Traceback (most recent call last):
  File "<string>", line 1, in <module>
  File "/QOpenSys/pkgs/lib/python3.6/multiprocessing/spawn.py", line 105, in spawn_main
    exitcode = _main(fd)
  File "/QOpenSys/pkgs/lib/python3.6/multiprocessing/spawn.py", line 115, in _main
    self = reduction.pickle.load(from_parent)
  File "/QOpenSys/pkgs/lib/python3.6/multiprocessing/synchronize.py", line 110, in __setstate__
    self._semlock = _multiprocessing.SemLock._rebuild(*state)
AttributeError: type object '_multiprocessing.SemLock' has no attribute '_rebuild'
Traceback (most recent call last):
  File "/QOpenSys/pkgs/lib/python3.6/multiprocessing/util.py", line 262, in _run_finalizers
    finalizer()
  File "/QOpenSys/pkgs/lib/python3.6/multiprocessing/util.py", line 186, in __call__
    res = self._callback(*self._args, **self._kwargs)
  File "/QOpenSys/pkgs/lib/python3.6/multiprocessing/synchronize.py", line 87, in _cleanup
    sem_unlink(name)
FileNotFoundError: [Errno 2] No such file or directory
/QOpenSys/pkgs/lib/python3.6/multiprocessing/semaphore_tracker.py:143: UserWarning: semaphore_tracker: There appear to be 1 leaked semaphores to clean up at shutdown
  len(cache))
/QOpenSys/pkgs/lib/python3.6/multiprocessing/semaphore_tracker.py:156: UserWarning: semaphore_tracker: '/mp-2cn07g9d': [Errno 2] No such file or directory
  warnings.warn('semaphore_tracker: %r: %s' % (name, e))

If we comment out the calls to sem_unlink, the tests still fail due to _rebuild missing.
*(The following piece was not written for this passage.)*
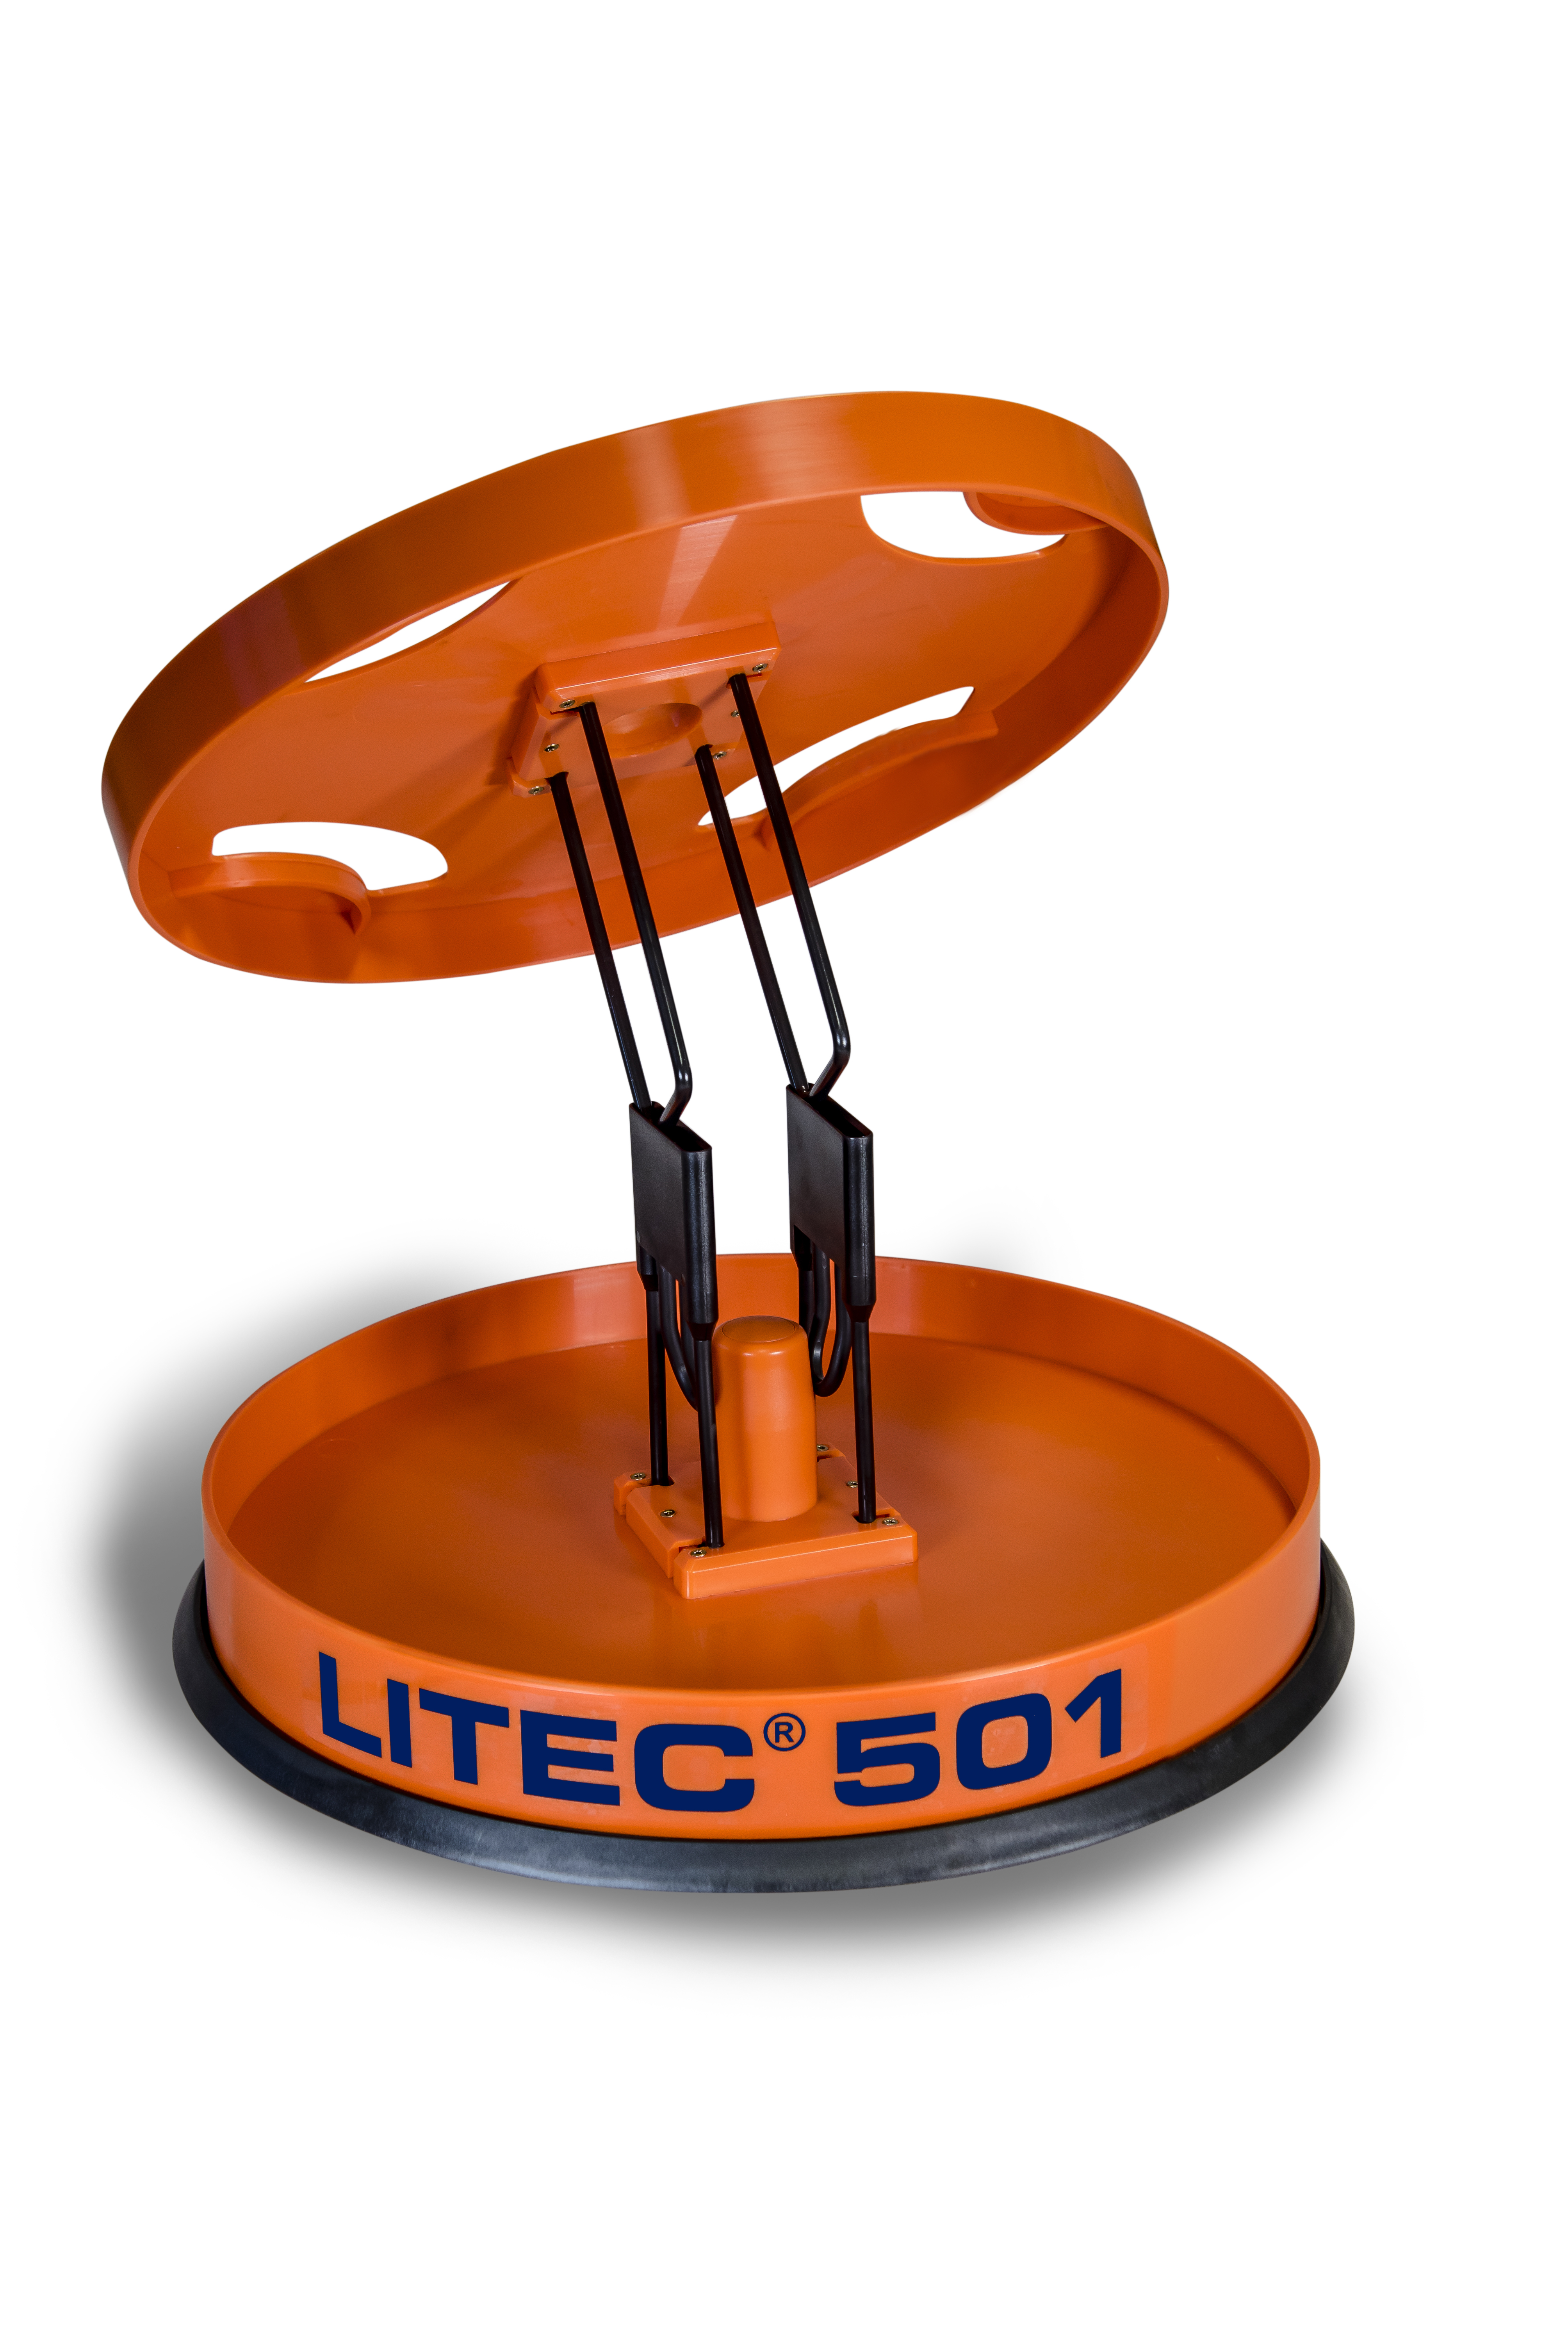 LITEC 501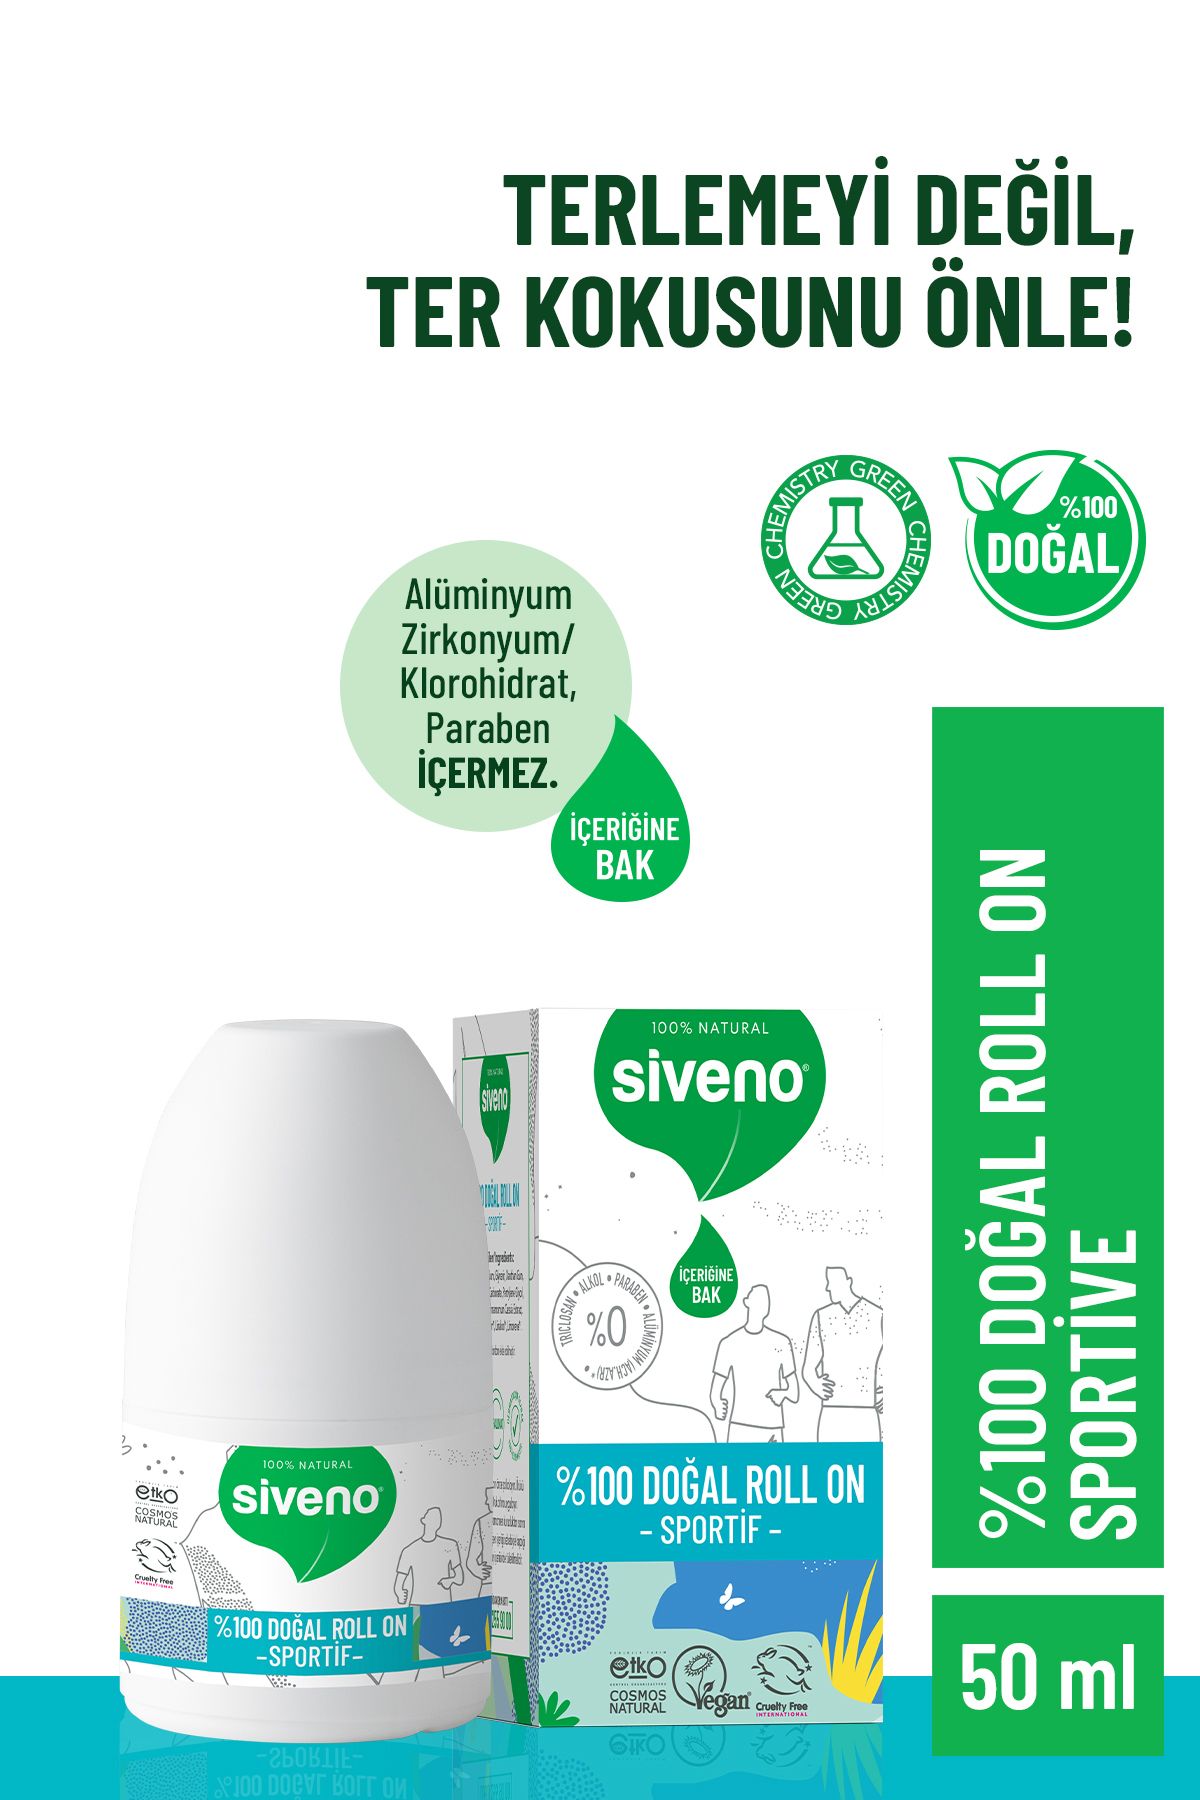 Siveno %100 Doğal Roll-on Sportif Sporcu Deodorant Ter Kokusu Önleyici Bitkisel Lekesiz Vegan 50 ml

Traceback (most recent call last):
  File "/QOpenSys/pkgs/lib/python3.6/multiprocessing/forkserver.py", line 196, in main
    _serve_one(s, listener, alive_r, old_handlers)
  File "/QOpenSys/pkgs/lib/python3.6/multiprocessing/forkserver.py", line 231, in _serve_one
    code = spawn._main(child_r)
  File "/QOpenSys/pkgs/lib/python3.6/multiprocessing/spawn.py", line 115, in _main
    self = reduction.pickle.load(from_parent)
  File "/QOpenSys/pkgs/lib/python3.6/multiprocessing/synchronize.py", line 110, in __setstate__
    self._semlock = _multiprocessing.SemLock._rebuild(*state)
AttributeError: type object '_multiprocessing.SemLock' has no attribute '_rebuild'

This we can't work around by commenting out the call to _rebuild, because it is needed to regenerate the semaphore object after being serialized and deserialized across the channel.

3 tries to fix that by enabling the _rebuild method to exist, but instead disabling the invalid sem_unlink code therein, but I don't think this will actually work in practice. Sending a sem_t* across a pipe is not going to yield a valid pointer on the other end.

Ultimately, I think we're stuck: unnamed semaphores can't be shared across processes except being inherited by fork() and named semaphores can't be inherited across forks... I think ultimately perhaps the easier fix would be to do the same _rebuild code in the fork case, but really, the problem lies in SLIC.